Darkest Journey (Krewe of Hunters #20)(17)
She’d found the bracelet; he’d called the police. He’d known it would be important for them to know exactly where the bracelet had been found, so he’d insisted on waiting there until the cops arrived.
Restless, Charlie had gotten up and perched on a headstone, while he’d walked off and leaned against a tree. Neither one of them had seen the killer when he’d come, searching for the bracelet, his trophy from his last victim. Then something, a rustle, a whisper, a movement—maybe even the Confederate officer who had led him to Charlie—had alerted him, and he’d turned just in time to see a man bearing down on Charlie with a raised butcher knife.
Luckily for him, the killer was nothing but a coward with a knife—a sick little bastard who didn’t even put up a fight when Ethan tackled him. He screamed and cried like a baby when Ethan brought him down, knocking the knife from his hand.
By the time the police arrived, the killer had been caught.
He and Charlie had been credited with bringing him down.
Charlie had quit the Cherubs and sworn she would never have anything to do with such a ridiculous organization again.
And Jonathan Moreau had despised Ethan ever since. He said a real man would have gotten Charlie to safety, not made her stay anywhere near the site of a murder when the killer could return at any moment. Charlie had almost been killed, and as far as he was concerned, that was entirely Ethan’s fault.
Charlie’s mother, on the other hand, had applauded the fact that his quick thinking and determination had saved Charlie.
And Charlie herself...
She’d visited him once after he’d gone back to college. They’d talked a lot about seeing the dead. They’d wondered why some spirits stayed and others didn’t, wondered why, when loved ones died, the living rarely got to speak with them. They agreed that they would never fathom it, not while they were here on earth. They’d come so close....
And then he’d made her leave.
He hadn’t wanted to. Even at sixteen, she was already elegant as well as beautiful. Some might have said that a three-year age difference wasn’t enough to make him give up the attraction—intellectual as well as physical—that sparked between them.
But in his mind, it wouldn’t have been right; she was still a kid, still in high school. He was grown and out of the house, already in college.
Not to mention that he couldn’t help thinking maybe her father had the right to hate him.
Looking at her now, he realized she’d grown even more beautiful, even more elegant.
“The killer was caught and tried, and it was all over and done with quickly, Charlie,” he said.
“Really? Quickly? It still haunts me,” she said. “I’d really like to go with you to talk to the police, now that it’s all happening again.”
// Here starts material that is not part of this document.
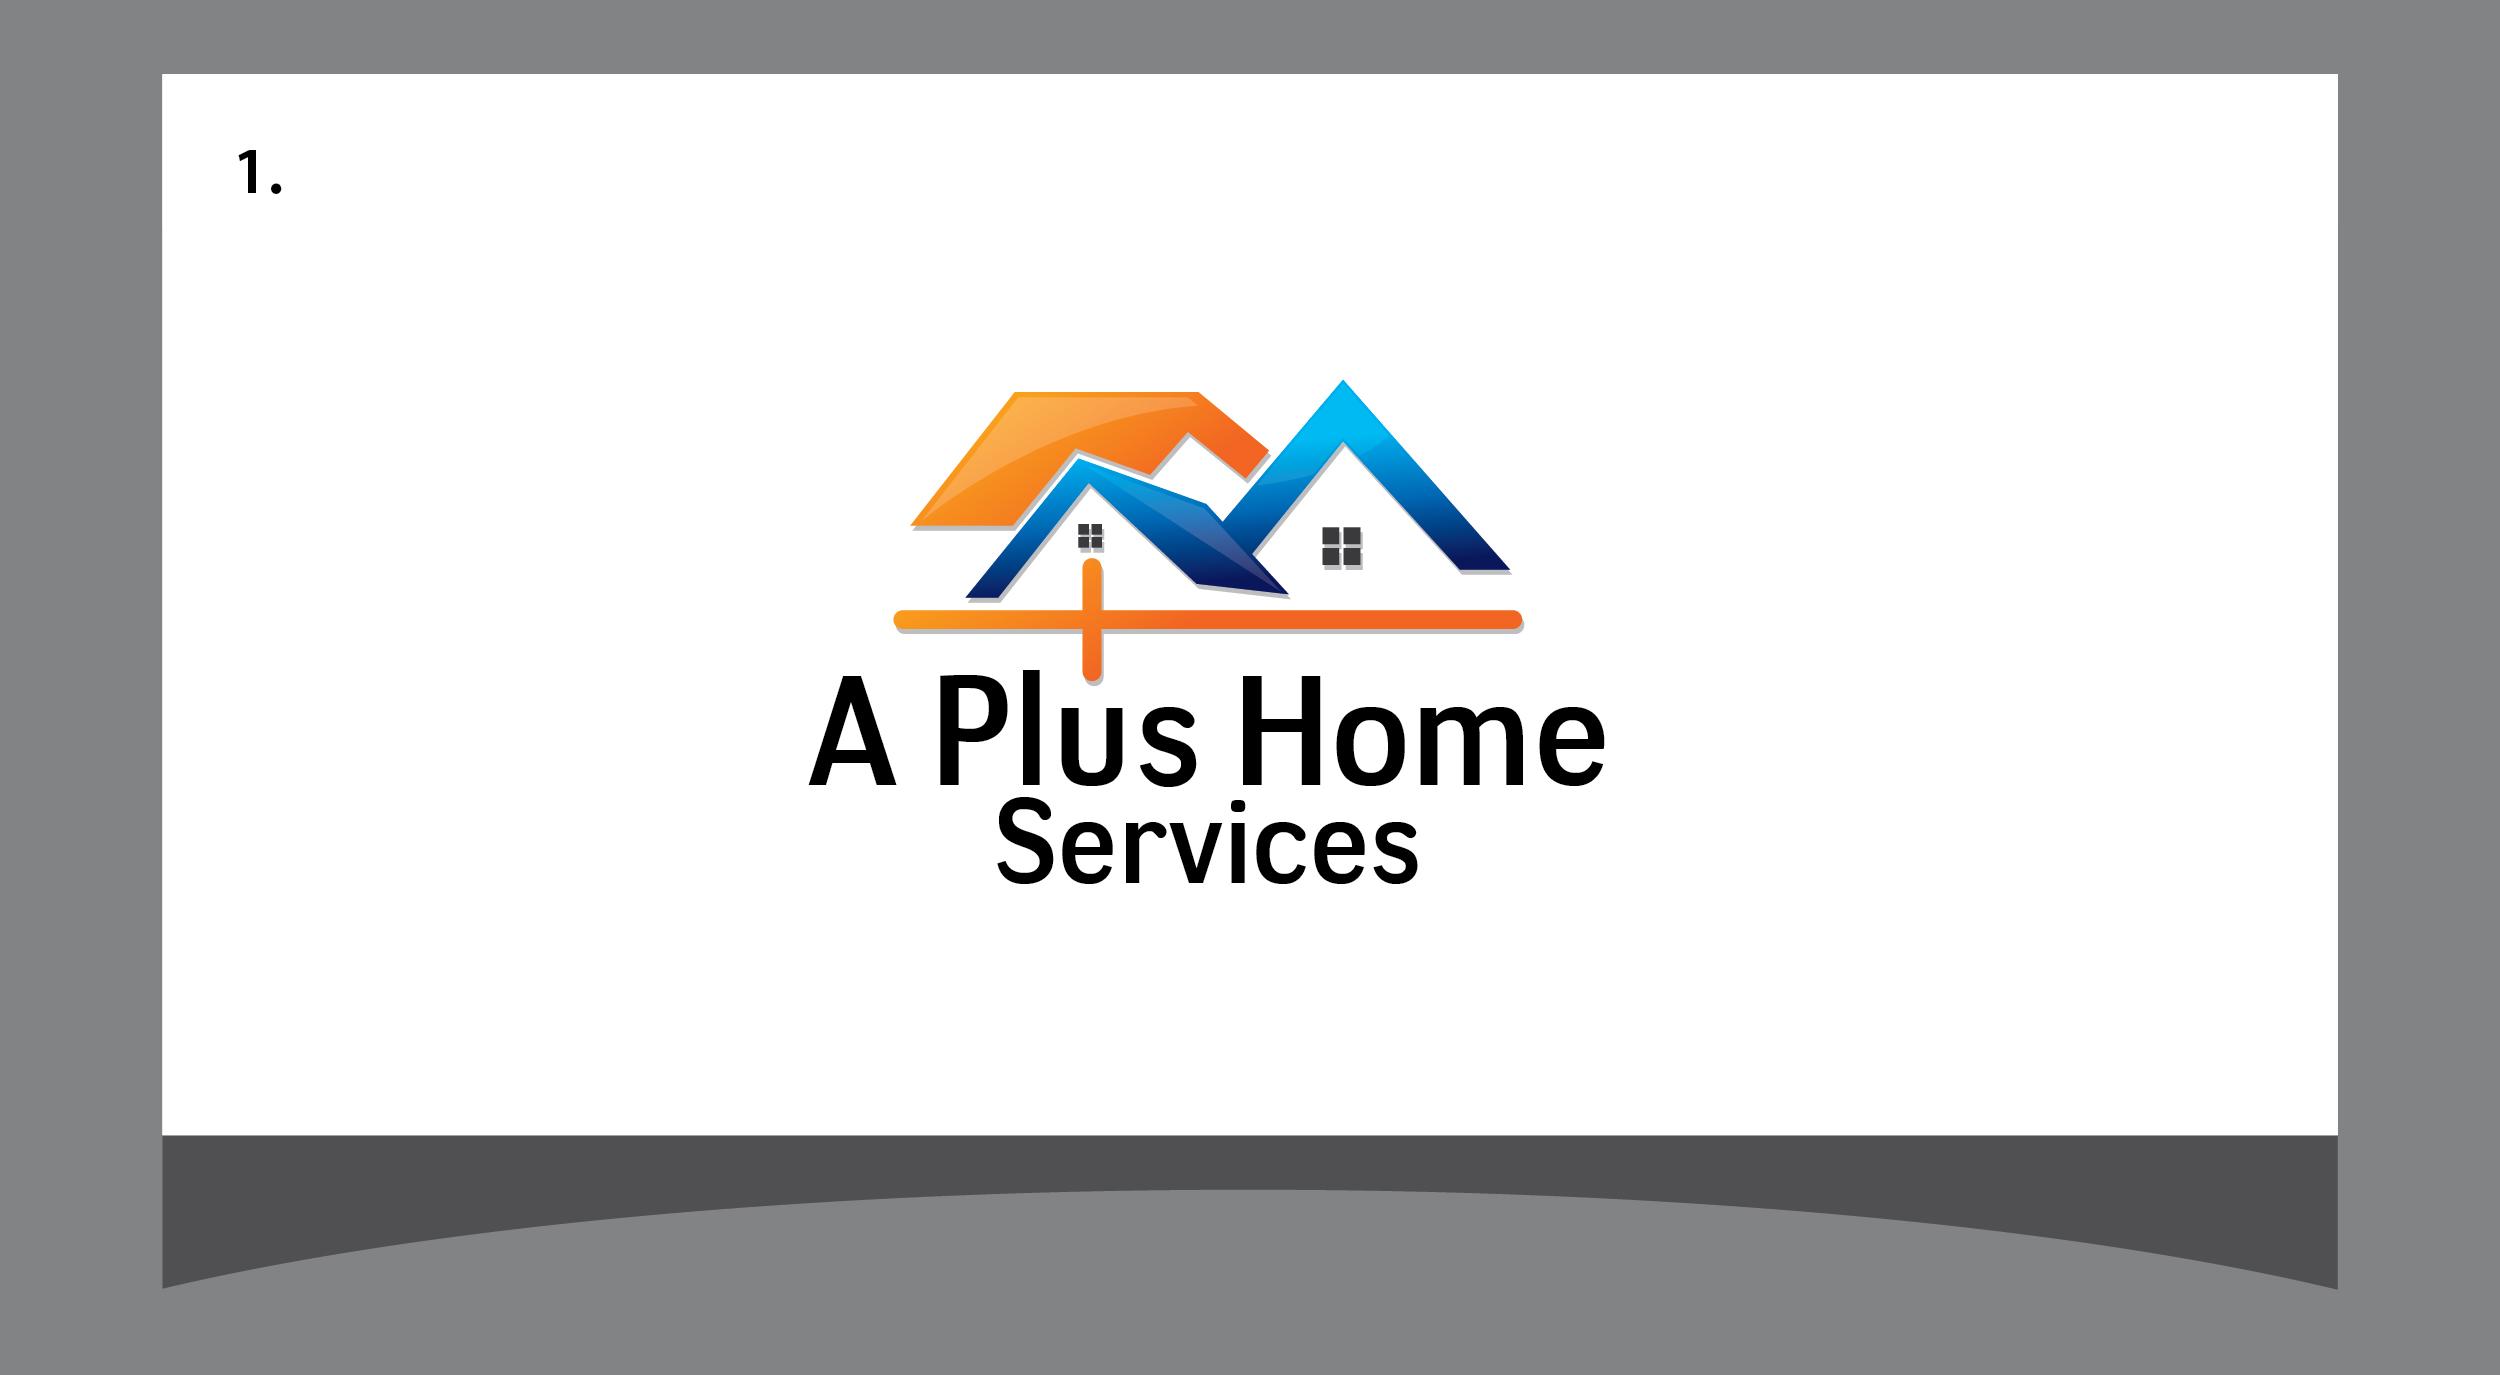 A Plus Home Services logo

“Do me a favor,” he said after a moment. “For now, just do what you told your father you would and go home, okay? I’ll let you know if I learn anything after I’ve had a chance to talk to Randy.”
“Randy?”
“Randall Laurent, the detective heading up the case. He’s an old friend, so I’m hoping things will go smoothly between us.”
“I can’t imagine they won’t. I only vaguely remember him from school. Like you, he was three years older—a huge difference back then—and I know you were both on the football team. He seemed like a decent man when I talked to him last night. He wanted all the facts, but he was very understanding about asking. I guess he knew I was pretty much in a state of shock.”
“That sounds like him,” Ethan agreed. He wished her eyes weren’t so blue. And that she wouldn’t look at him the way she was, as if he’d become a stranger.
She walked past him, moving toward the path down to the road. They still hadn’t touched, but he could smell her perfume, something as light as air and yet inexplicably provocative.
“Charlie?”
She waved to him without turning around. “I’m going home. Call me when you’ve got something.”
Ethan watched her go. She might be going home now, but he had a very strong feeling that she wasn’t going to stay there.
With a soft groan he decided to locate Laurent and find out everything he knew about the victims and whatever they’d pieced together about the killer.
Charlie just might be investigating on her own, relying on that special talent of hers.
And that could prove very dangerous.
*
Charlie paced the old house her dad owned just on the outskirts of St. Francisville. It was a wonderful old place, built sometime right before the start of the Civil War. It wasn’t a plantation house and had never been a working farm. It had been built by a man who had worked the riverboats, which made it a perfect fit for her father, with his passion for history and his current position on a riverboat himself. It wasn’t a large place, but there had always been enough room for their family, with three bedrooms upstairs plus a living room, dining room, office and library/family room—and modern kitchen—downstairs. Each bedroom had a fireplace, as did the living room. It was furnished with a mishmash of antiques that somehow worked, and her dad knew the origin of each piece of furniture. Only the big-screen television and entertainment center were new.
She loved her home....
Loved to remember her mom working in the kitchen or the seasonal flower beds she was so proud of. The sense of loss remained, of course, but Charlie thought both she and her dad had adjusted well, loving the memories and embracing them, but also finding satisfaction, even joy, in the lives they led now.